TASK DIRECTIONS: Write out each line of the listing as it stands, without the images.

DATA BLOCK:
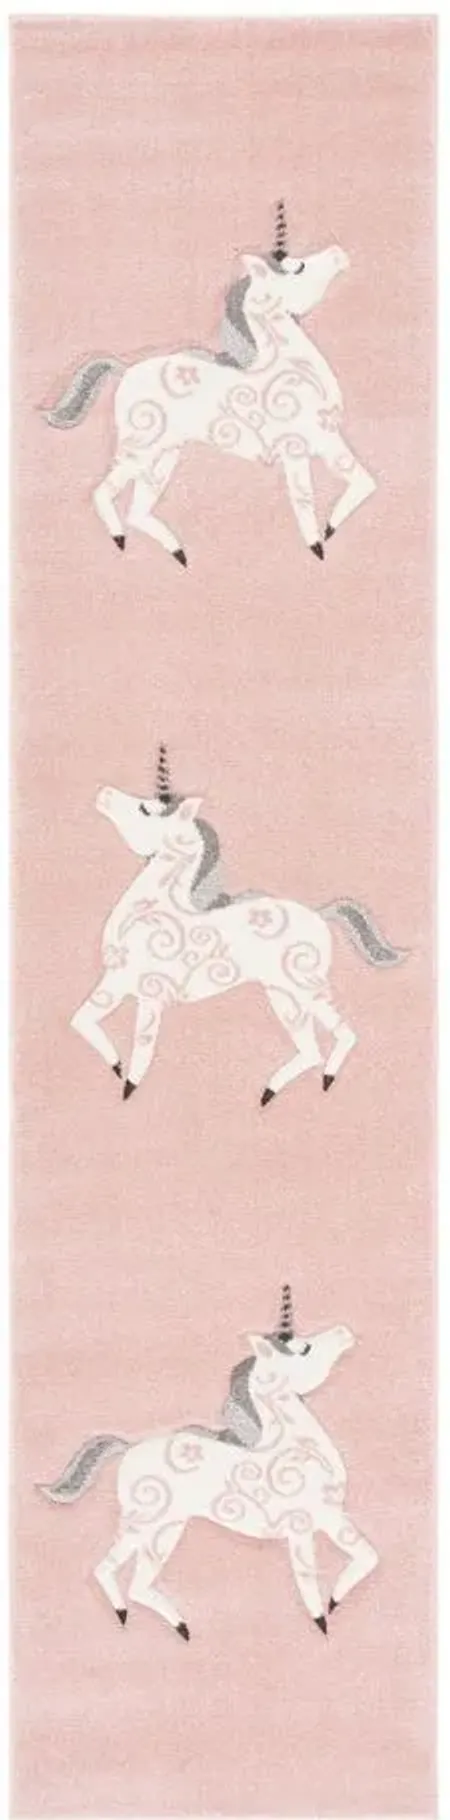 Carousel Unicorn Kids Runner Rug in Pink & Ivory by Safavieh
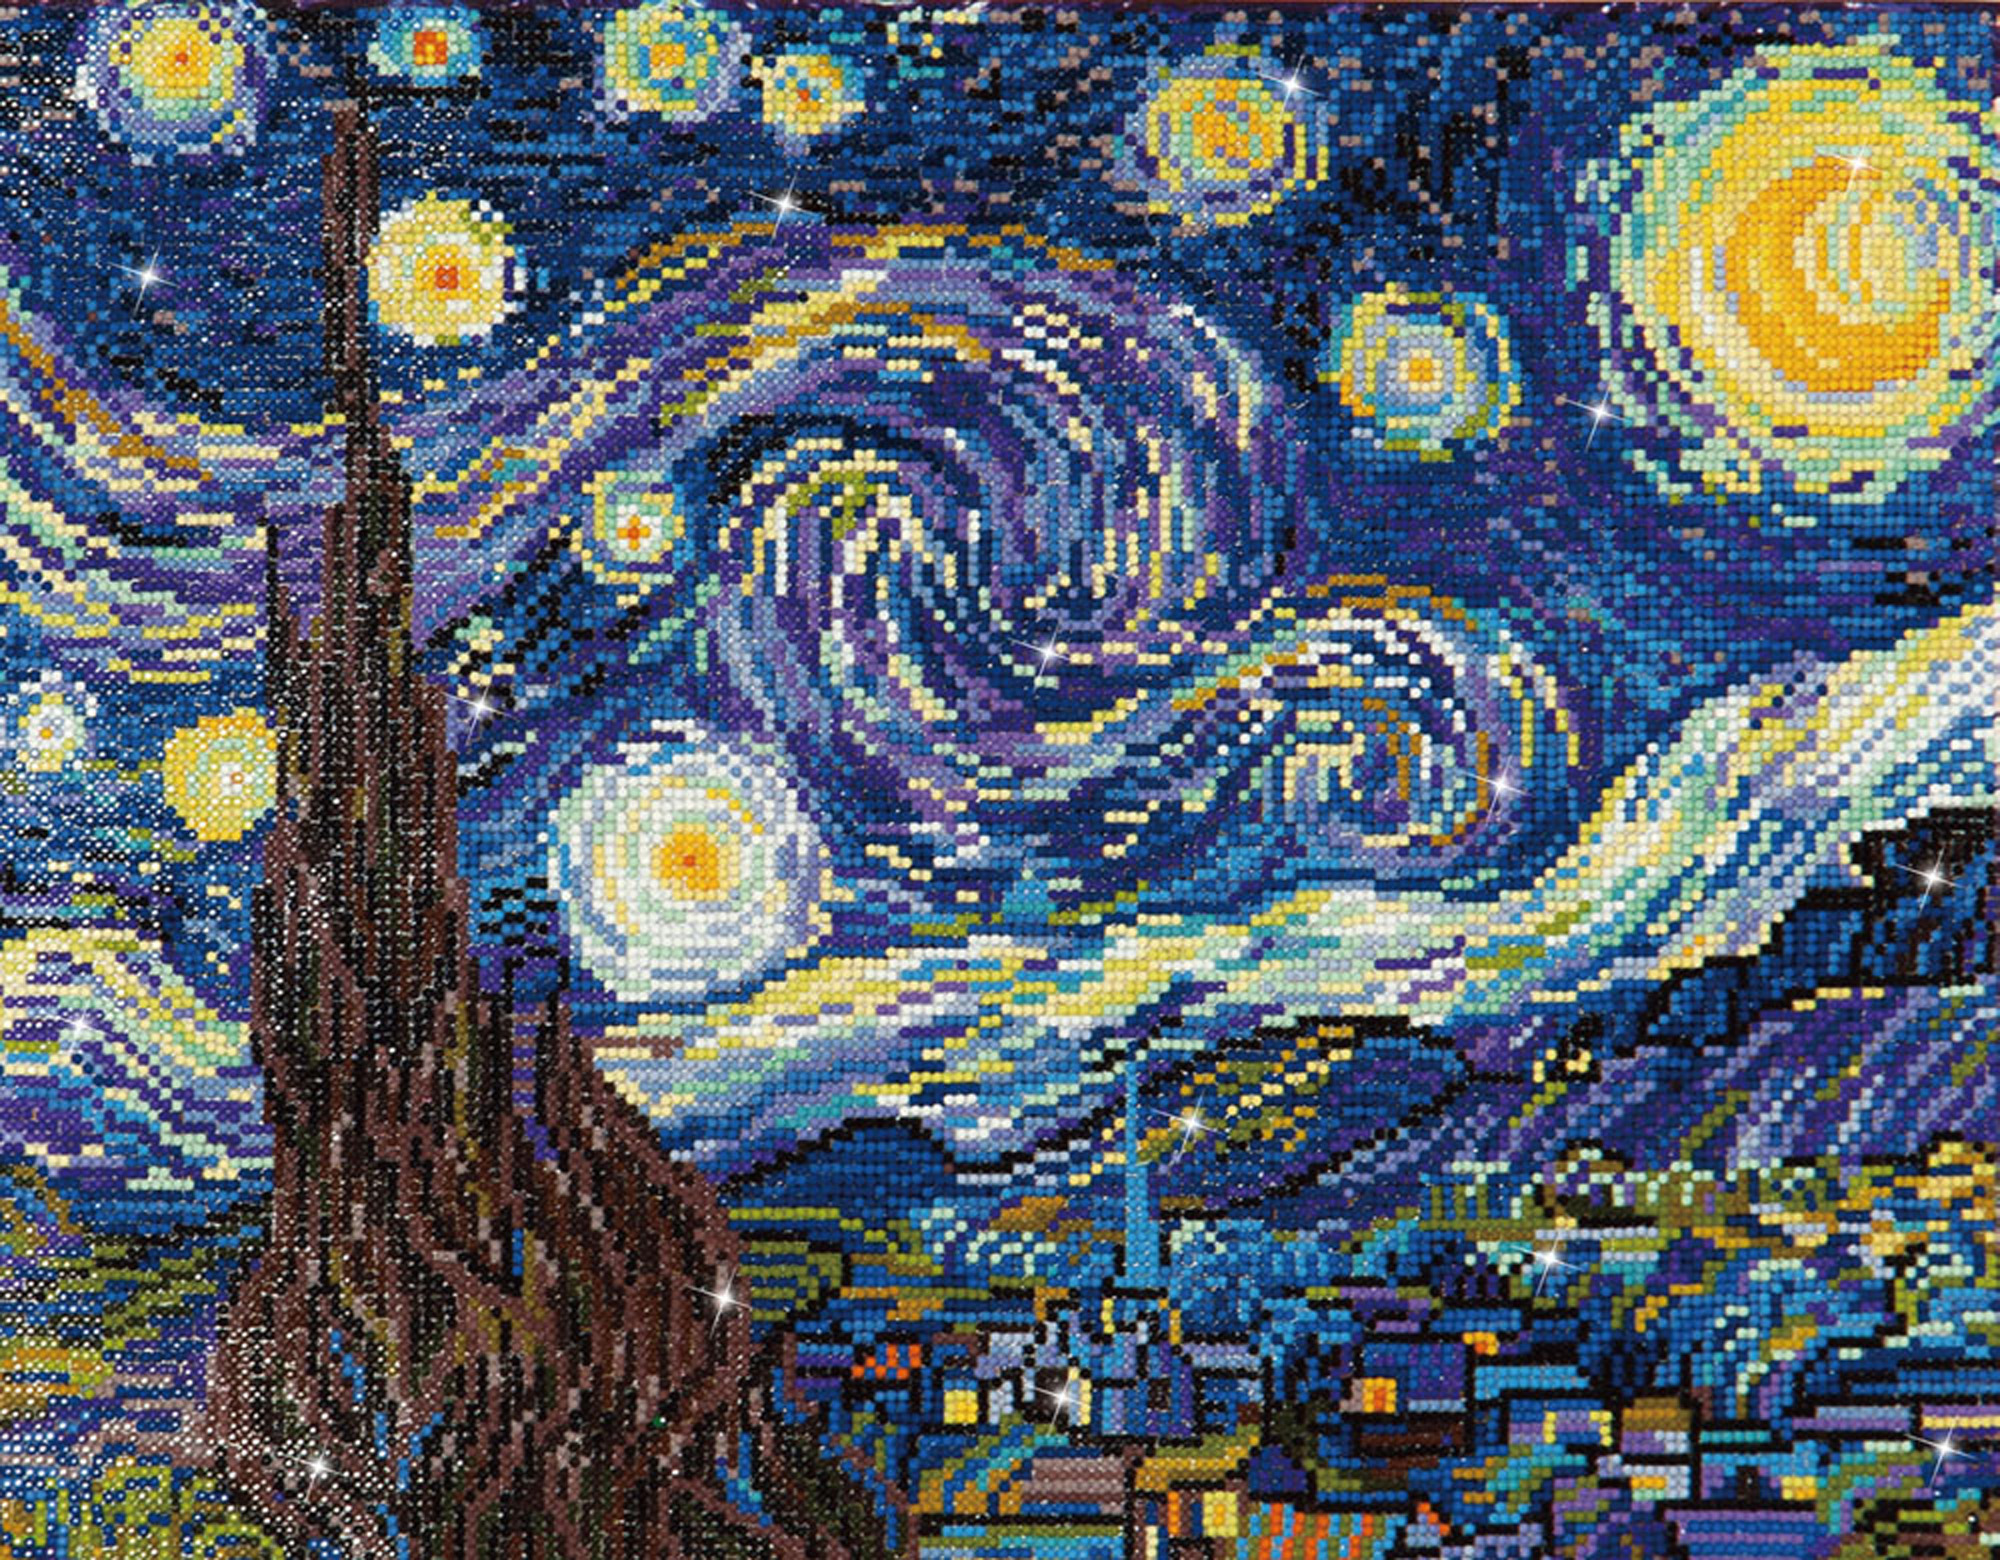 Starry Night (Van Gogh) - Diamond Art Kit - DD9.001 - Diamond Dotz®
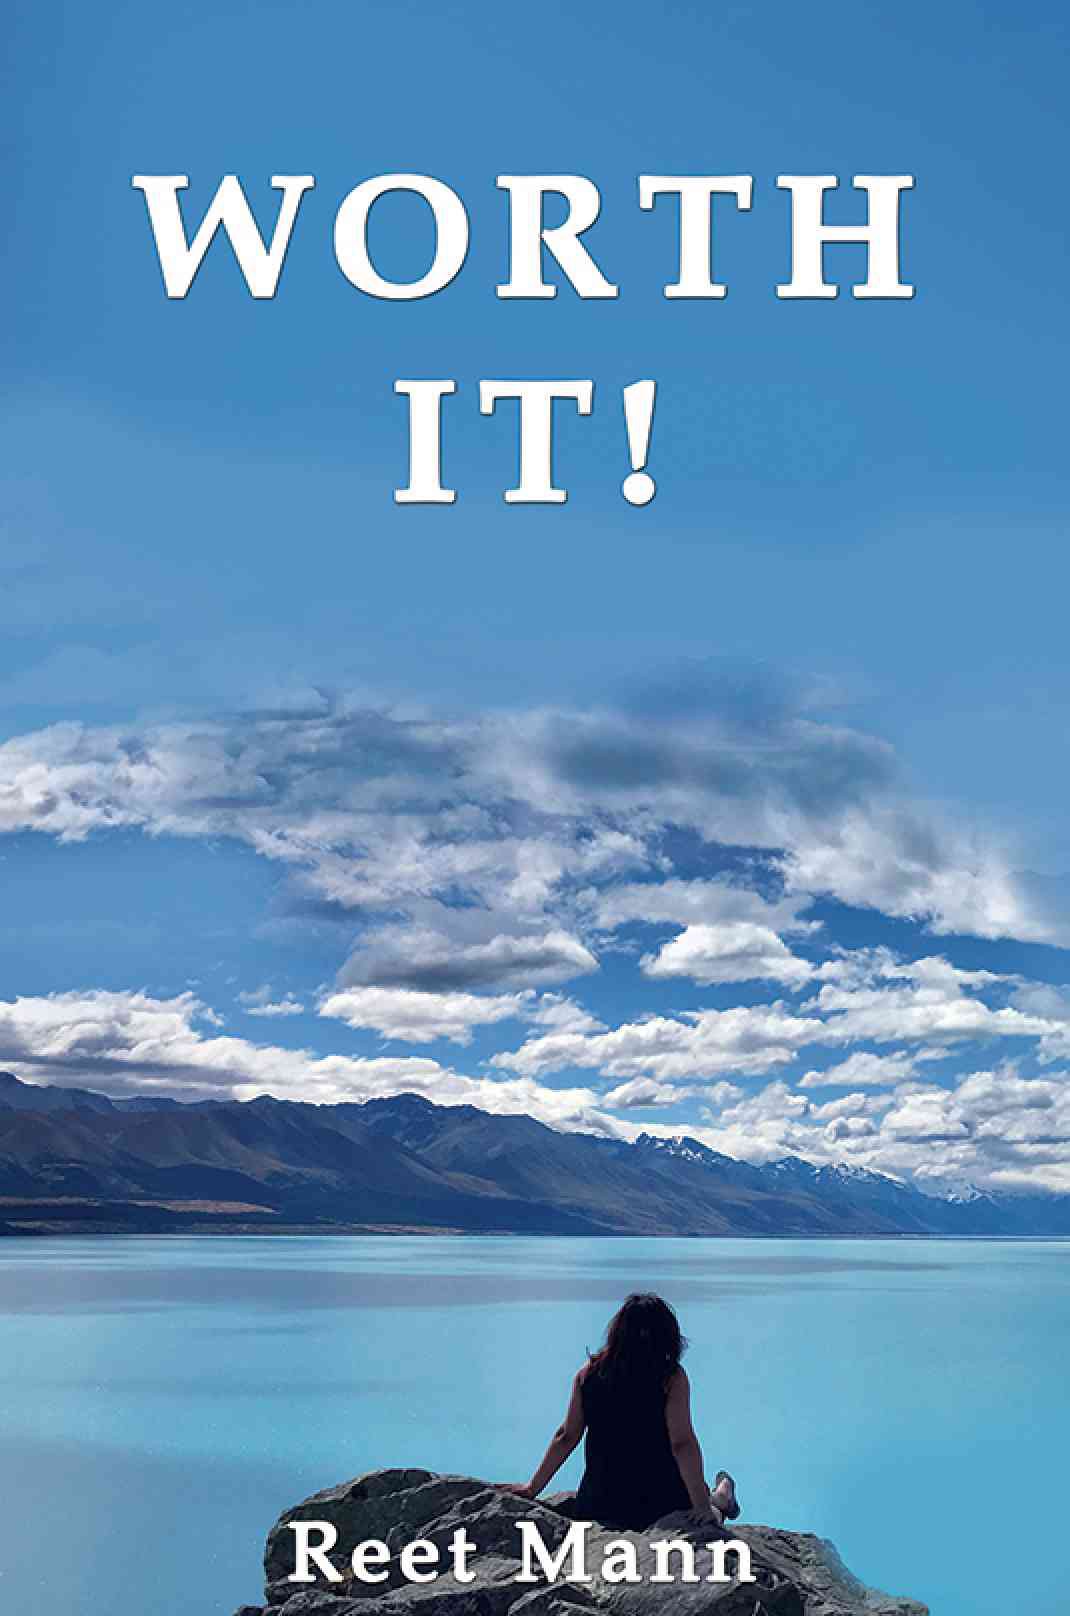 ‘Worth It!’ by Reet Mann Reviewed by Dr. Joe Vitale
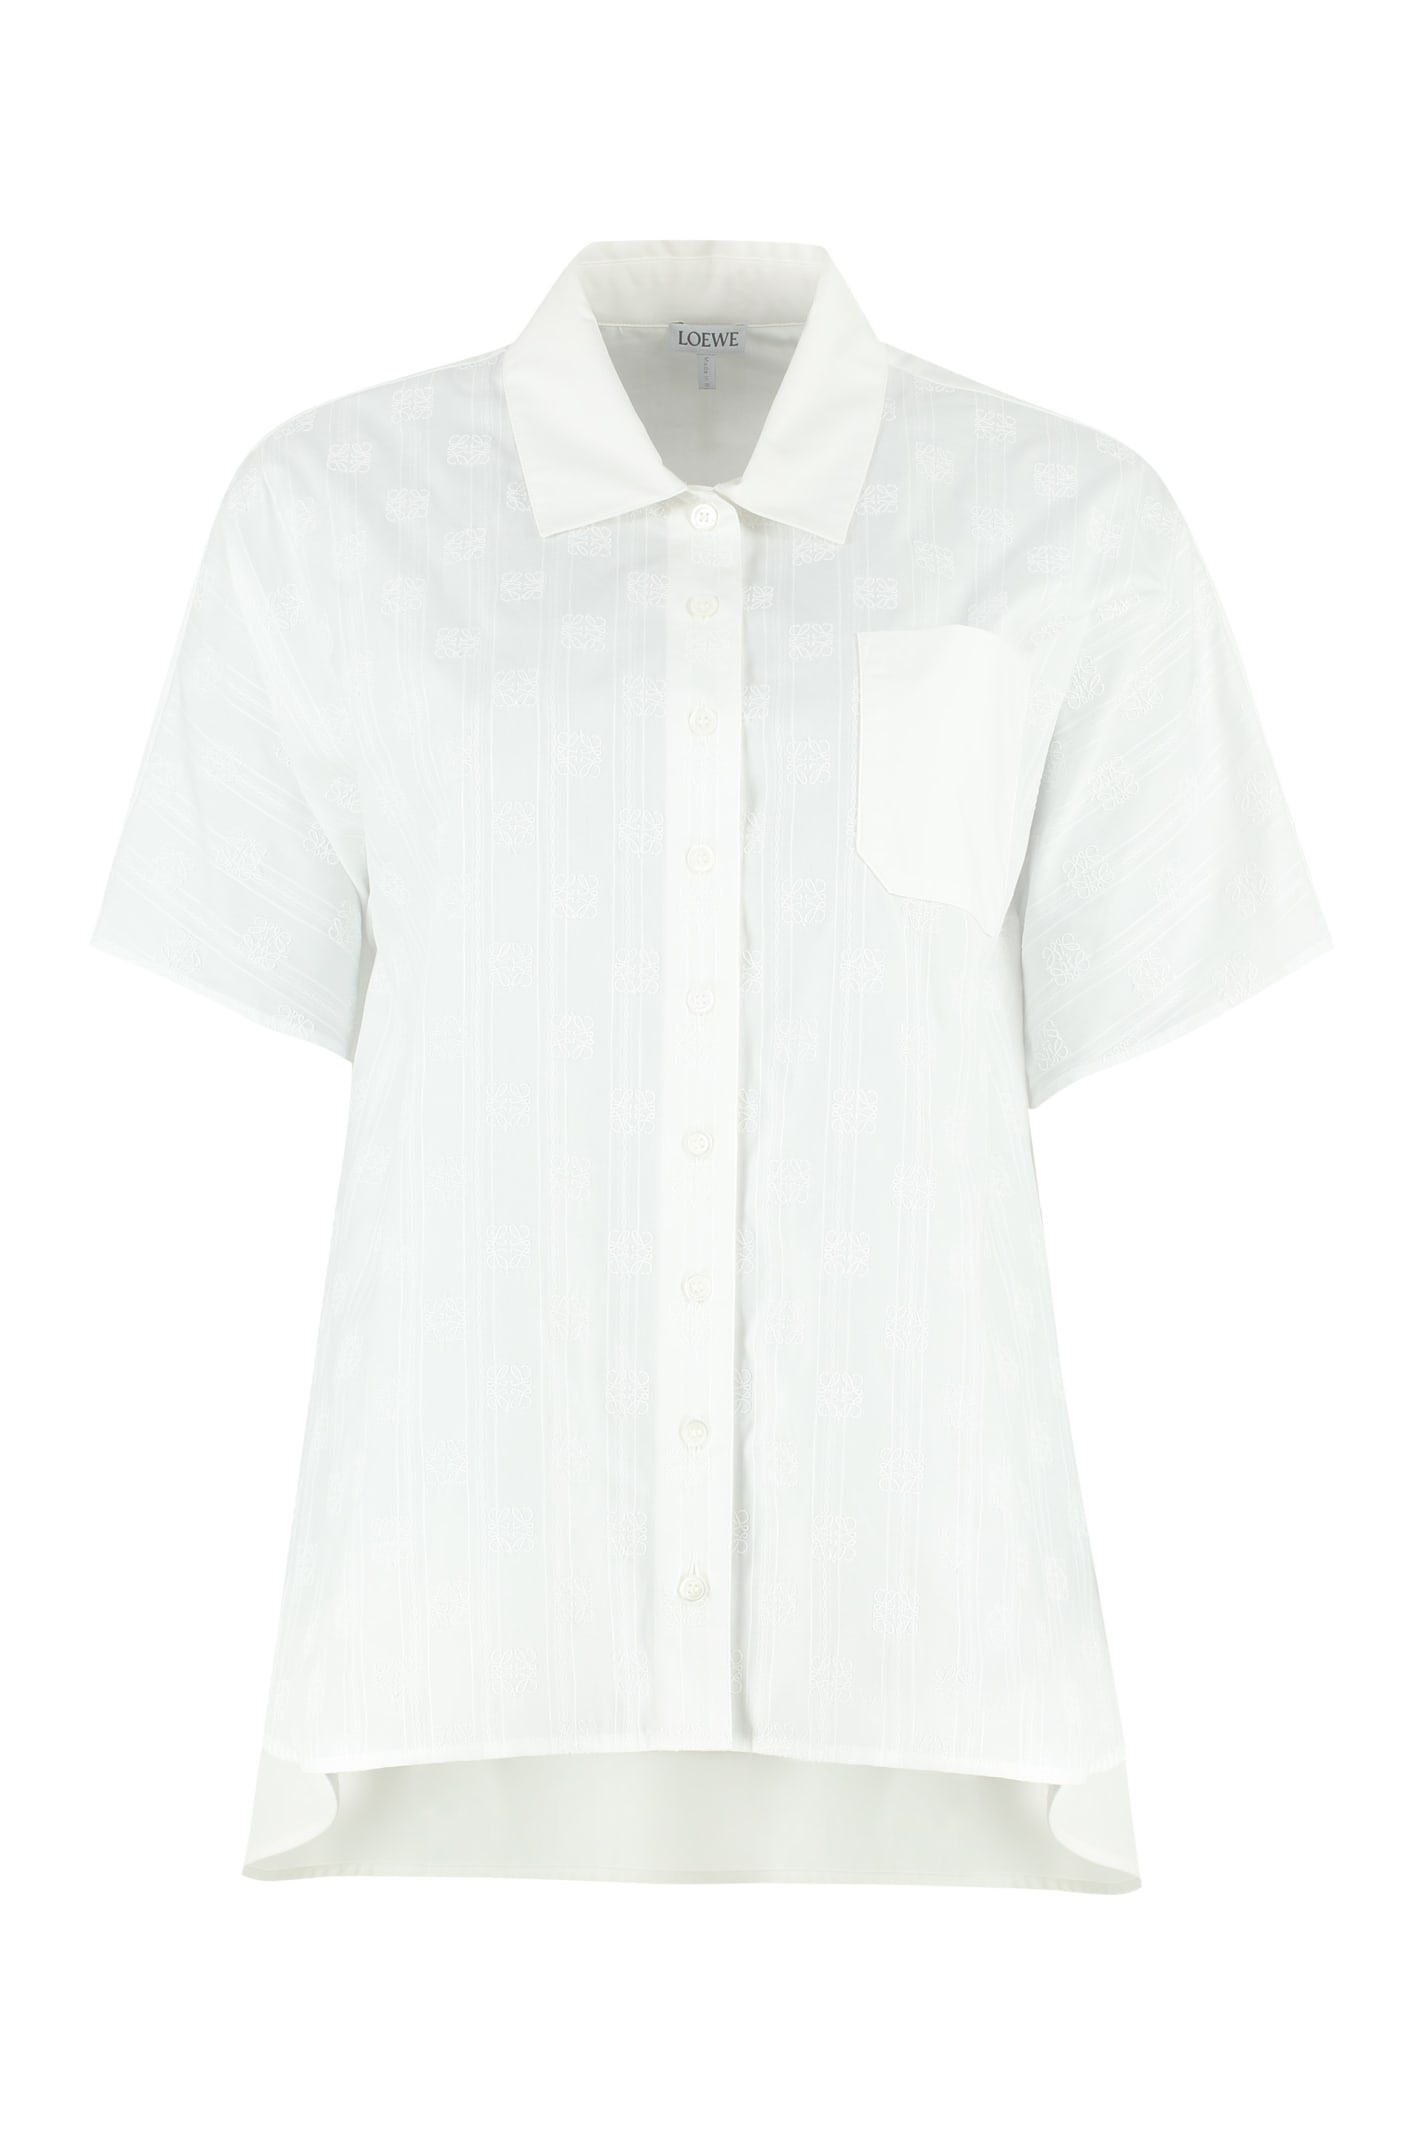 Loewe Short Sleeve Cotton Shirt

REPLY TO THE EXERCISE:
 Carousel Unicorn Kids Runner Rug in Pink & Ivory by Safavieh
 Starry Night (Van Gogh) - Diamond Art Kit - DD9.001 - Diamond Dotz®
 ‘Worth It!’ by Reet Mann Reviewed by Dr. Joe Vitale
 Loewe Short Sleeve Cotton Shirt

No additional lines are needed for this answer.